Retnaningtyas juga menyatakan pihaknya bekerja sama dengan 16 Puskesmas dan beberapa rumah sakit dan klinik yang dapat melayani KB gratis setiap hari di Kota Yogya. Khusus akseptor yang memilih Metode Operasi Pria (MOP) akan mendapat pengganti biaya hidup Rp satu juta.
“Faskes yang bekerja sama selain Puskesmas ada RSUD Kota Yogya, RS Pramata, RS PKU Muhammadiyah, RS AMC Muhammadiyah, Klinik Firdaus, Klinik Poltekes, PMB Melati, Puri Adisty, RS Bethesda Pusat, RS DKT, Bethesda Lempuyangan Wangi, Klinik Brimedika, Klinik PMI Kota Yogya dan RS Siloam,” imbuhnya.

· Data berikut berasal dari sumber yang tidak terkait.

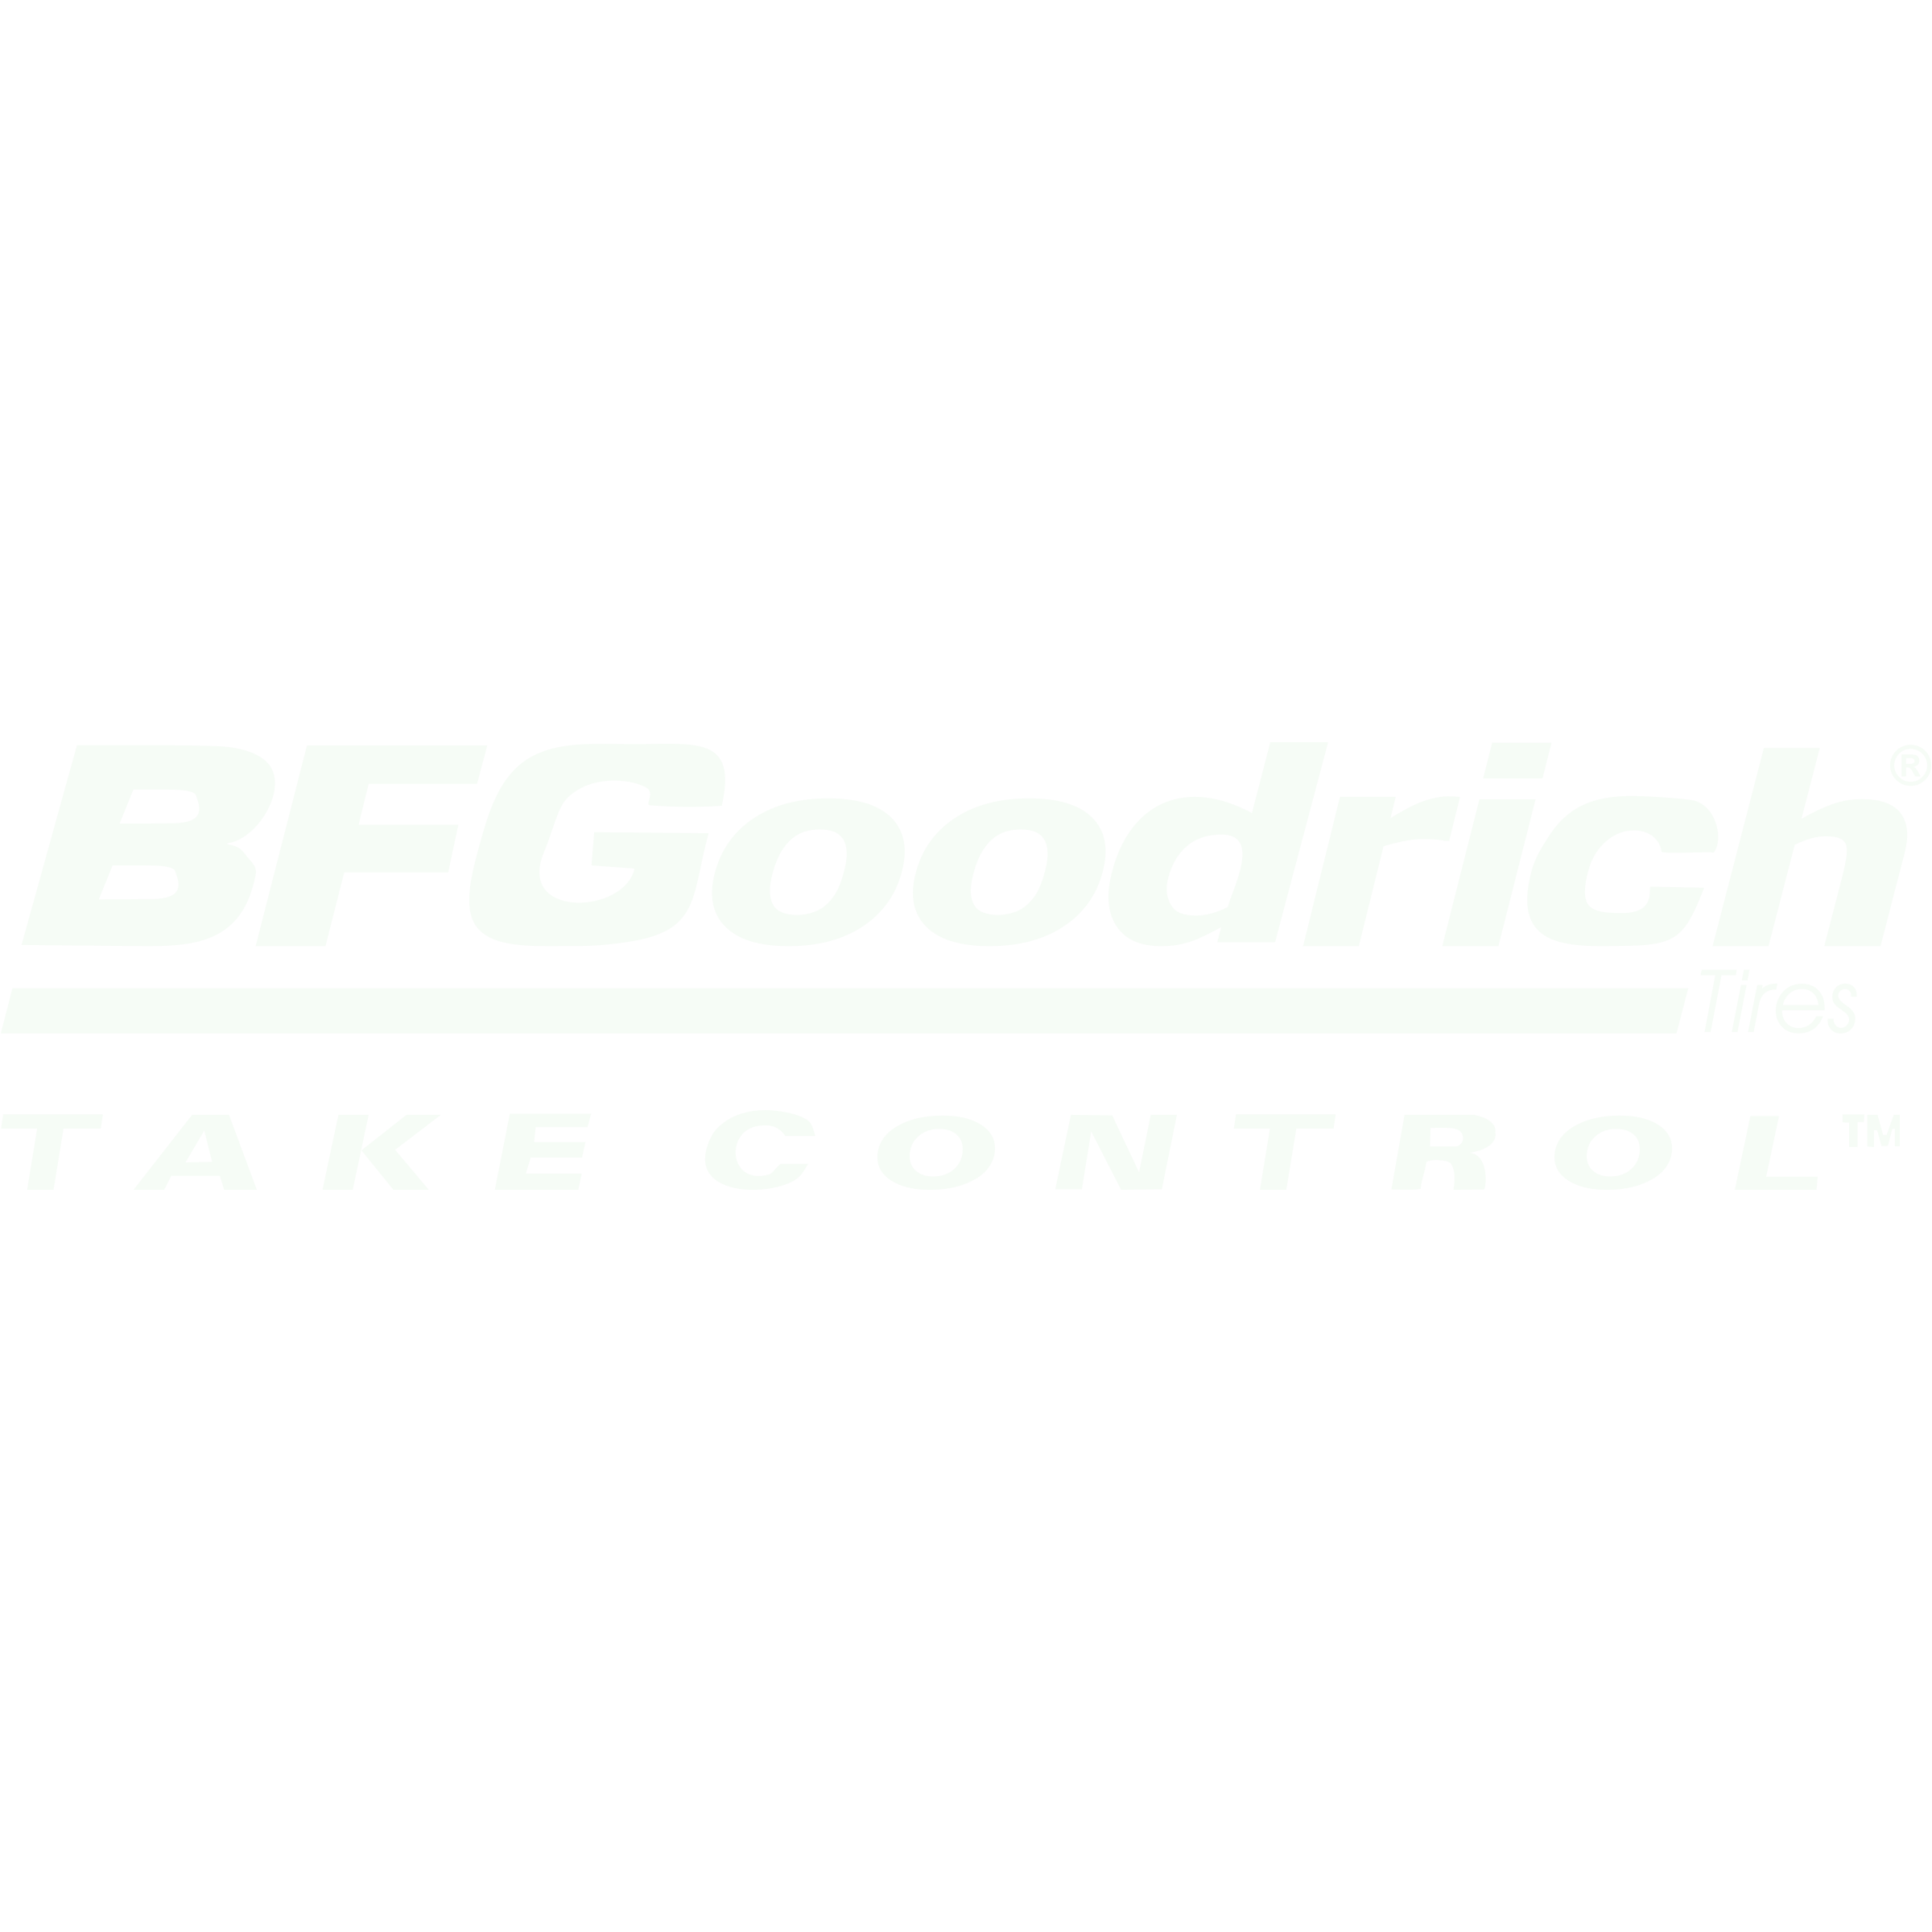 bf-goodrich-logo-png-transparent

Asisten Pemerintahan dan Kesejahteraan Rakyat Setda Pemerintah Kota Yogyakarta Yunianto Dwi Sutono menyampaikan, Gertak KB menjadi langkah strategis dan terintegrasi untuk mewujudkan keluarga berkualitas dan pertumbuhan penduduk yang seimbang.
“Pelayanan KB yang berkualitas juga menjadi bentuk upaya meningkatkan kualitas sumber daya manusia generasi penerus, secara terencana, aman dan terjaga kesehatannya, secara jasmani, maupun rohani,” ujarnya.
Sementara itu salah satu akseptor, Maharani Ulfa yang berusia 25 tahun memutuskan untuk mengakses KB Implan karena sudah memiliki 2 anak.